According to reports, SoftBank, a technology investment firm, is selling roughly one-third of its stake in Uber. SoftBank is selling approximately $2 billion (£1.44 billion) in shares to help offset losses from its investments in Chinese ride-hailing company Didi and other ventures.
Didi’s stocks have plummeted in value since its debut in the US market less than a month ago.
This follows a series of actions by Chinese authorities that have alarmed investors. The SoftBank Vision Fund will sell 45 million shares of Uber, reducing its stake in the company by roughly one-third.
According to CNBC, the Japanese technology investment firm has lost a total of $4 billion on its stake in Chinese ride-hailing firm Didi.
According to Reuters, SoftBank’s decision to sell its Uber stake was completely unconnected to the decline in Didi’s value, and it simply felt now was a good time to take some profits.

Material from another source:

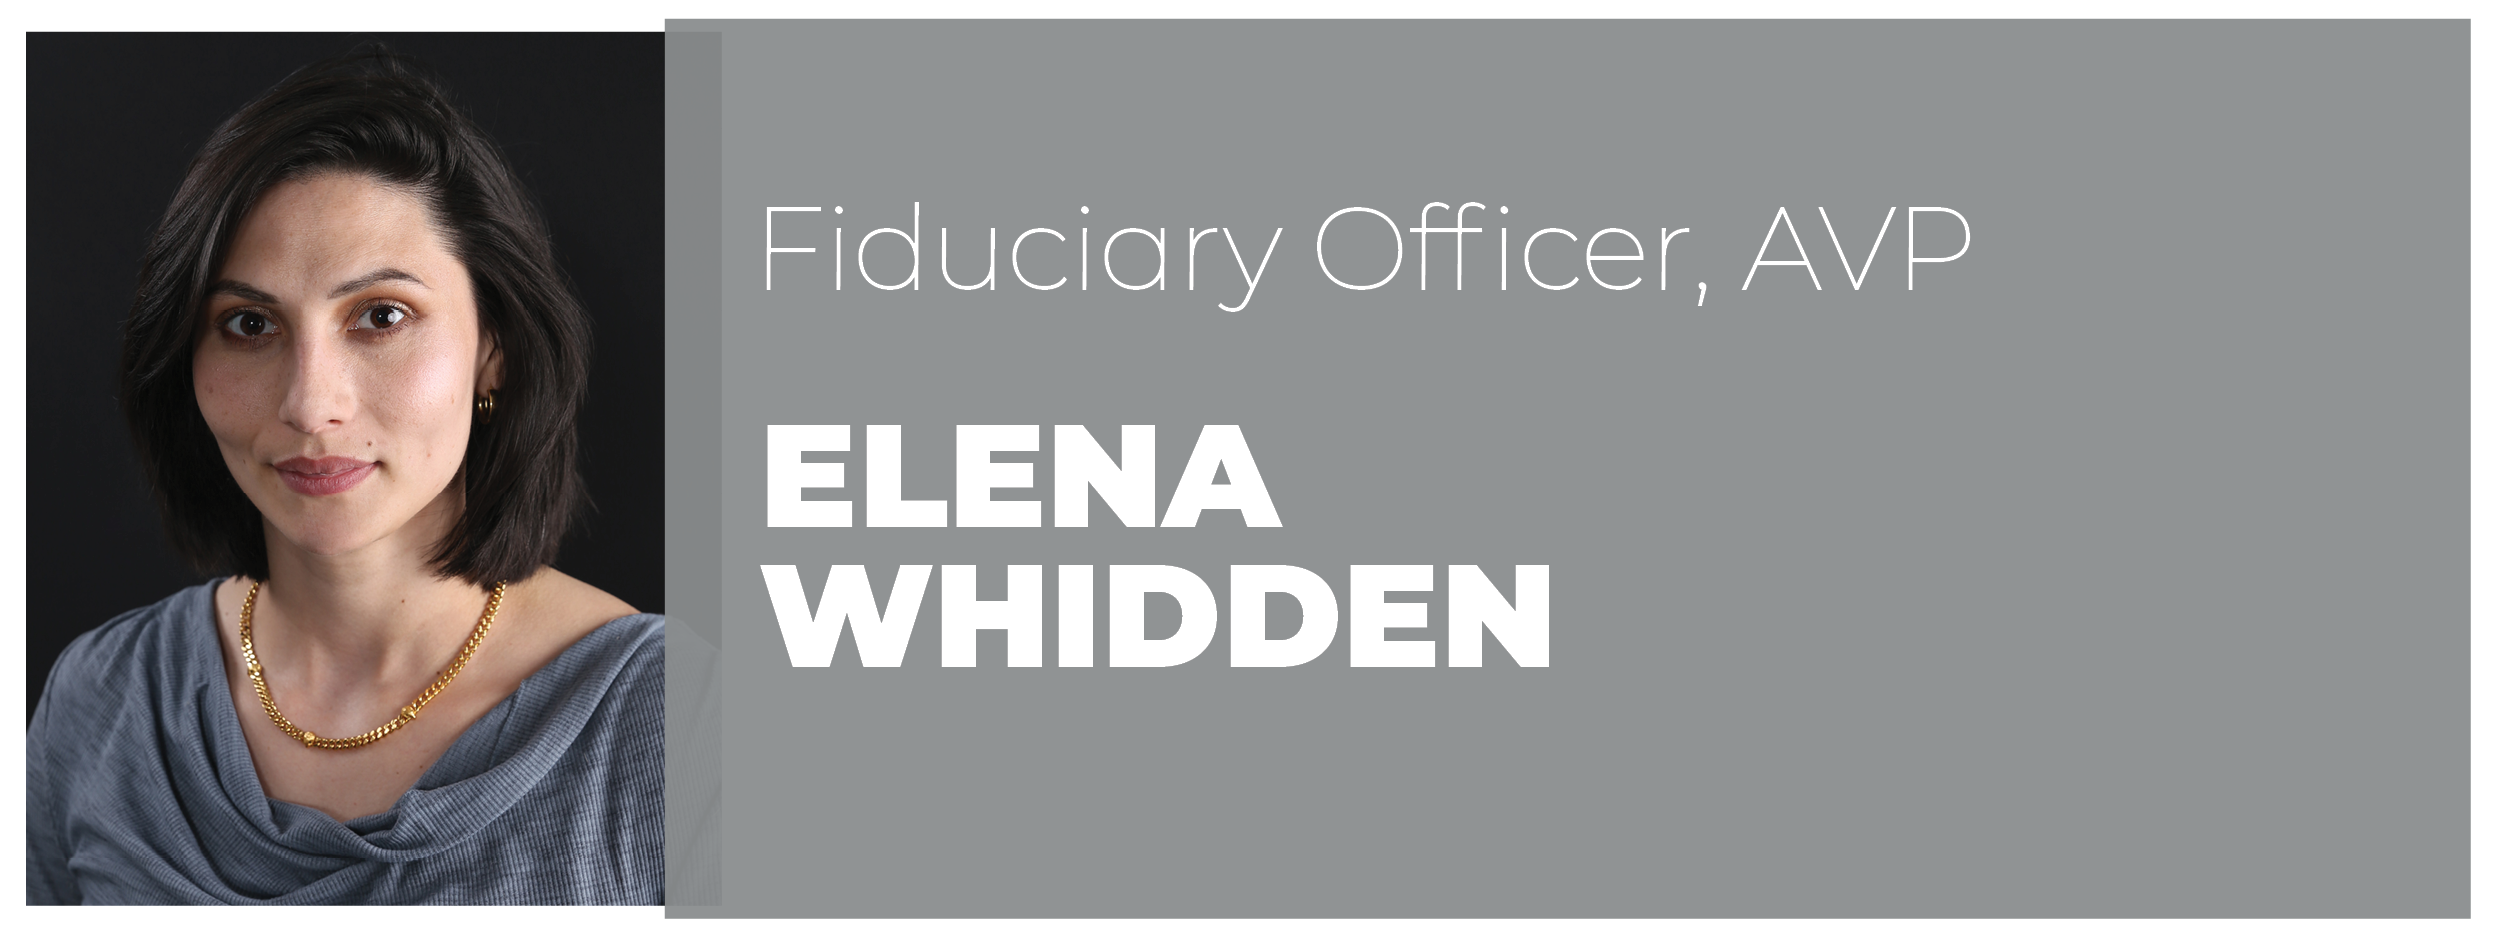 Elena Whidden, Fiduciary Officer, AVP

SoftBank invested approximately $7.6 billion in Uber in 2018, followed by an additional $333 million the following year.
Didi’s largest shareholder, SoftBank, owns more than 20% of the company.
After selling its operations in China to its local rival five years ago, Uber now owns nearly 13 percent of Didi.
Didi shares have fallen nearly 40% since they began trading on the New York Stock Exchange on June 30.
However, Uber’s services include ride-hailing, food delivery (Uber Eats), package delivery, couriers, freight transportation, and electric bicycle, and motorized scooter rental through a partnership with Lime. The company is headquartered in San Francisco and operates in over 900 cities worldwide.
According to reliable sources, Uber has a 71 percent market share in ride-sharing and a 22 percent market share in food delivery in the United States.